Here We Go
A few weeks ago, I had the good fortune to attend the Google Cloud Summit in Chicago. Google used the event to differentiate its Google Cloud Platform from the offerings from the two largest cloud providers, AWS and Azure. I would argue, that if you don’t know what to do, pick AWS. If your company is already heavily invested in the Microsoft ecosystem, then pick Azure. If you want to leverage the best data analytics and Artificial Intelligence (AI) and Machine Learning (ML) tools available, then you should seriously consider picking Google.
The Democratization of AI
The fact is that there aren’t enough data scientists in the world. There are approximately 21M developers in the world and less than 1M data developers. There are probably only a few thousand AI/ML developers. Google claims to be a data and AI company and they want to make advanced data analytics and AI available to more people. They have developed tools that don’t necessarily require data scientists or AI/ML experts for simple or more general cases. It is no surprise that one of the main themes of the summit was “The Democratization of AI”.
Google has released a set of pre-trained AI building blocks that were built with Google’s data. These include models that are trained to recognize natural language, vision, and translated speech. You may ask “what does this mean to me?” There were some great demonstrations that showed the potential of Auto ML. It included all the steps needed to build a custom ML model including: data pre-processing, ML model design, ML parameter tuning, ML model evaluation, model deployment, and model updating.
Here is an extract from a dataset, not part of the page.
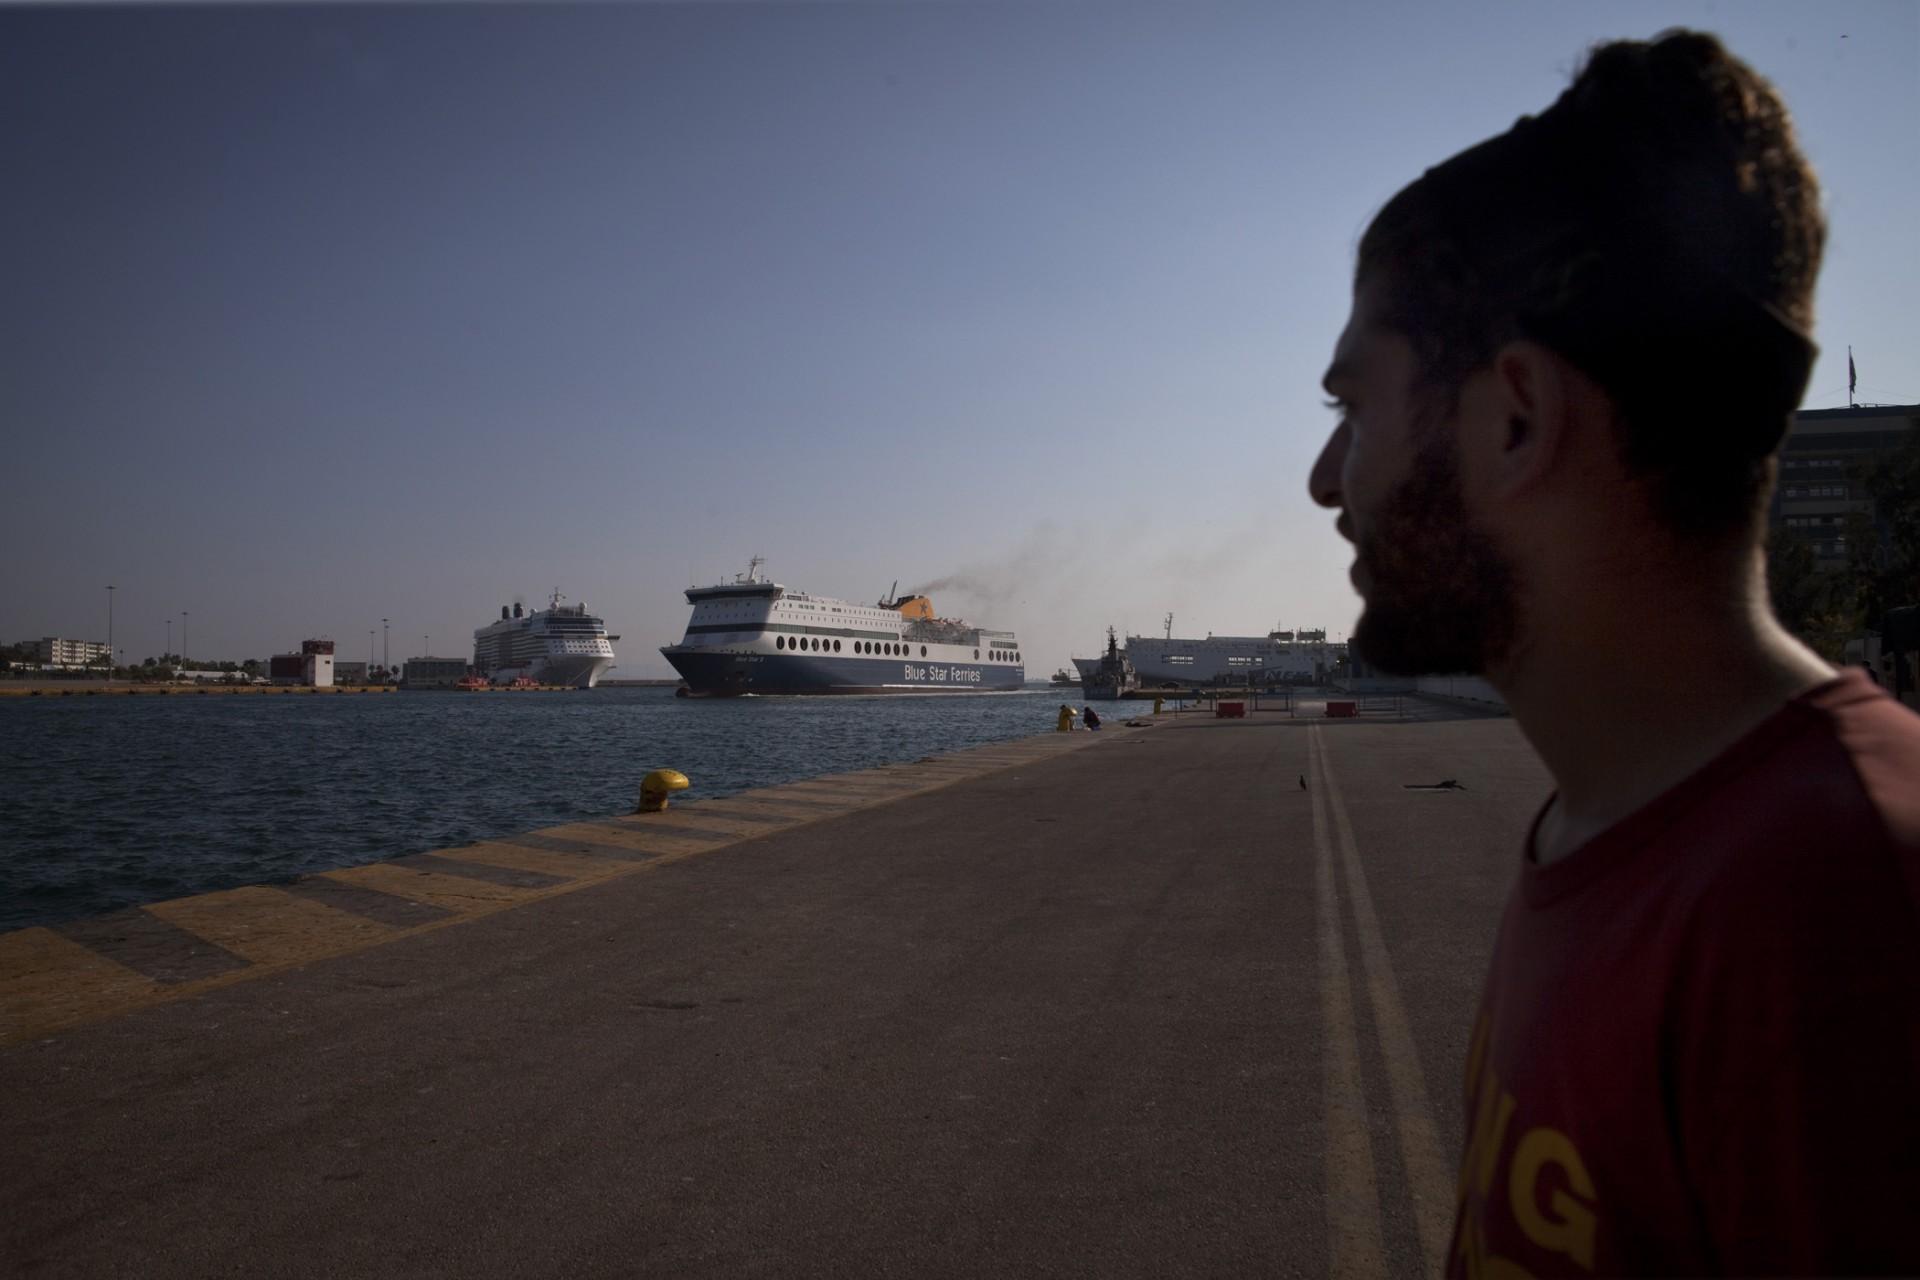 Tout au long de la journée, les bateaux de croisière accostent puis repartent, sous les yeux des migrants bloqués au port.
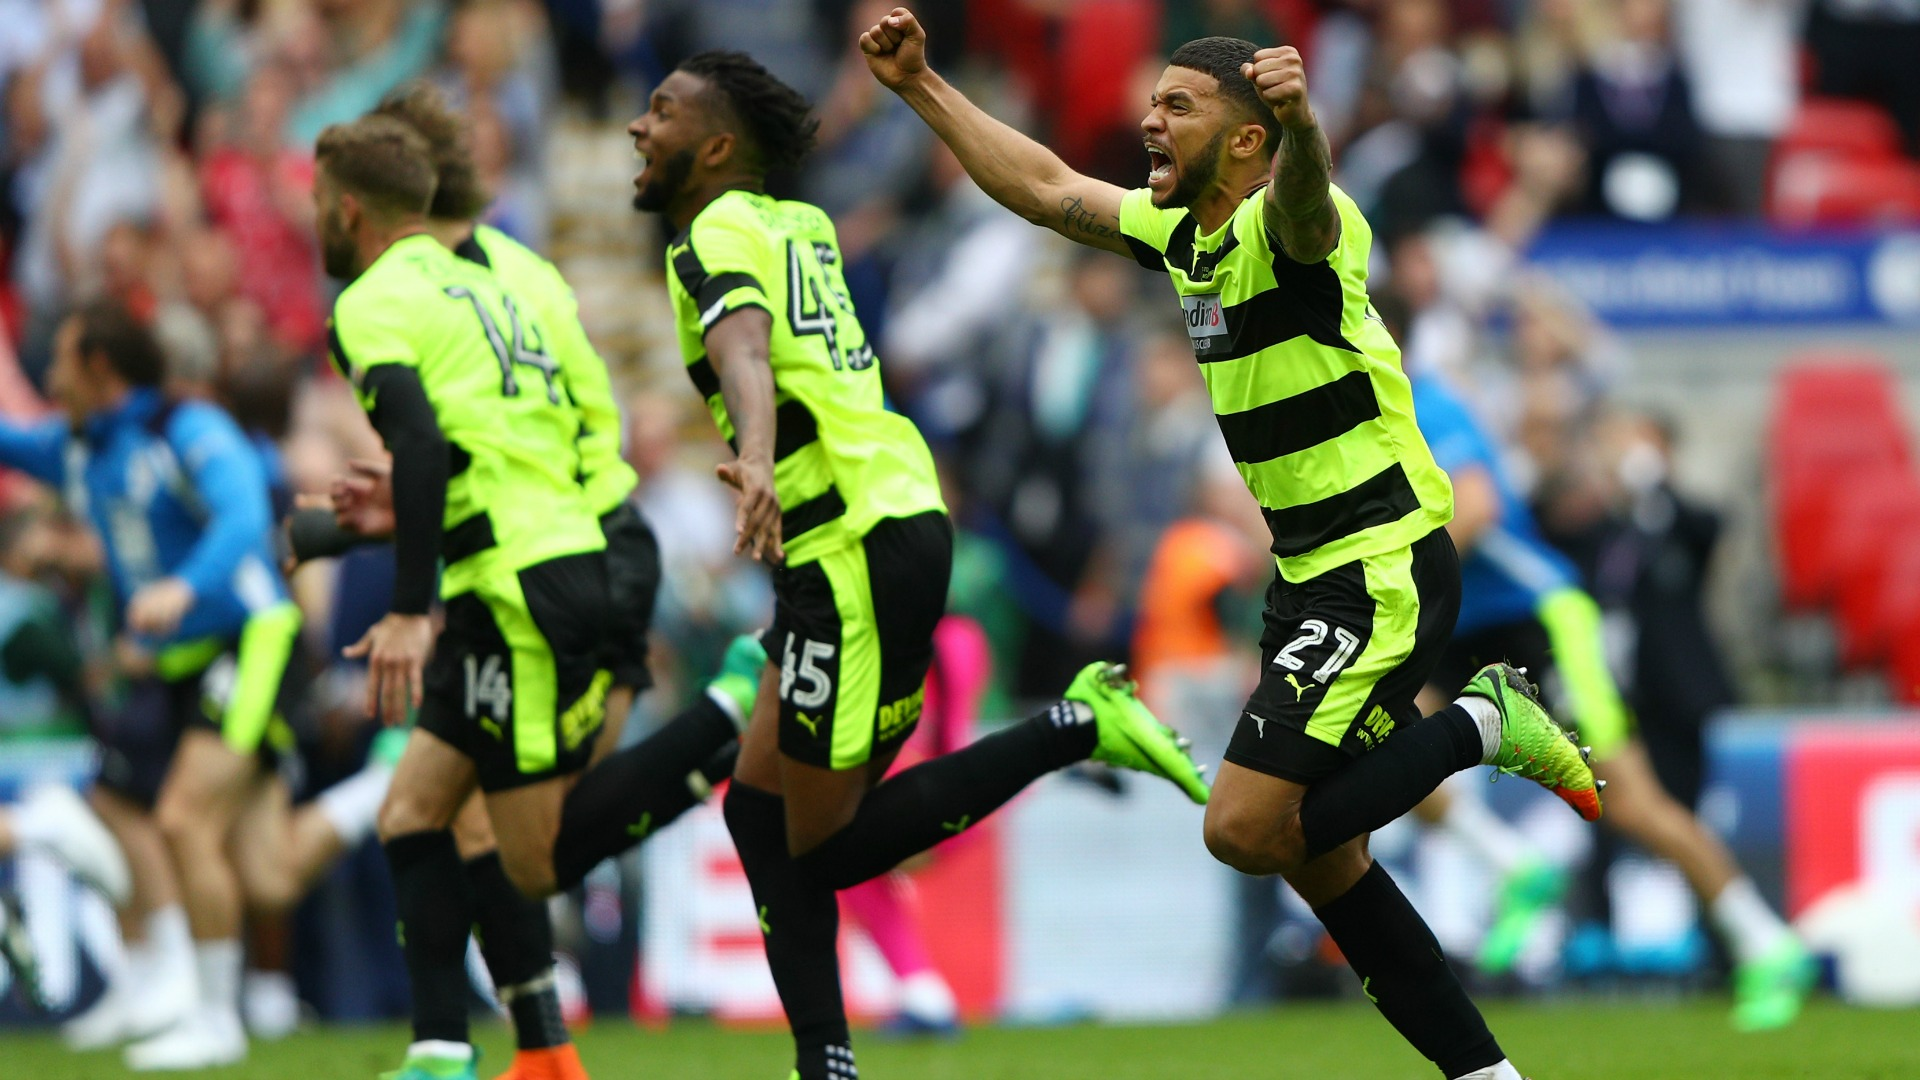 Huddersfield Reading Final

Google claims that Auto ML builds better models than most current open source models.
In one example, a presenter uploaded about a thousand tagged images of clouds (I don’t know if the pun was intended). Using the pre-built vision model, the presenter showed an app that was able to predict the type of cloud in an image with an accuracy of over 90%. Using a natural language-based model, you can develop an application that scans incoming customer emails and automatically routes it to the appropriate department. This is something that can address a real customer need.
G Suite – This Isn’t Your Dad’s Office Suite
Google also showed off the latest iteration of G Suite, their version of Office 365 (O365). Google claims that it’s secure, smart, and simple, and it is impressive. Google says that they currently have 4M paying G Suite customers which include WeWork, Nielsen, and Chicago Public Schools. Nielsen migrated their entire company to G Suite in a single weekend. It’s built on a different premise than O365. Historically, O365 was a tool set for a solitary worker that occasionally collaborated. More recently, Microsoft has bolted on tools like SharePoint and Teams to add collaboration capabilities. G Suite is designed around collaboration (Google says that 74% of all work is collaborative). Imagine an office suite built around Slack. That’s what G Suite looked like to me. Another way to think about it is as SharePoint on steroids (without the clumsiness of SharePoint). Oh, by the way, it can leverage their AI/ML tools fairly easily. You can use AI to build pivot tables and schedule meetings. As another aside, you can leverage their 3rd generation AI chips (TPUs – TensorFlow Processing Units) to speed up your ML models. Oh, and they also have custom silicon (Titan) for enhanced security.
Google says that a better name for AI is “Predictive Analytics”. I tend to agree. The term “Artificial Intelligence” is not very descriptive. Google also advises that if a company is not good at data analytics, it is not ready for predictive analytics.
Google may be the 3rd cloud provider today, but they are a potent adversary. I look forward to their future platform enhancements.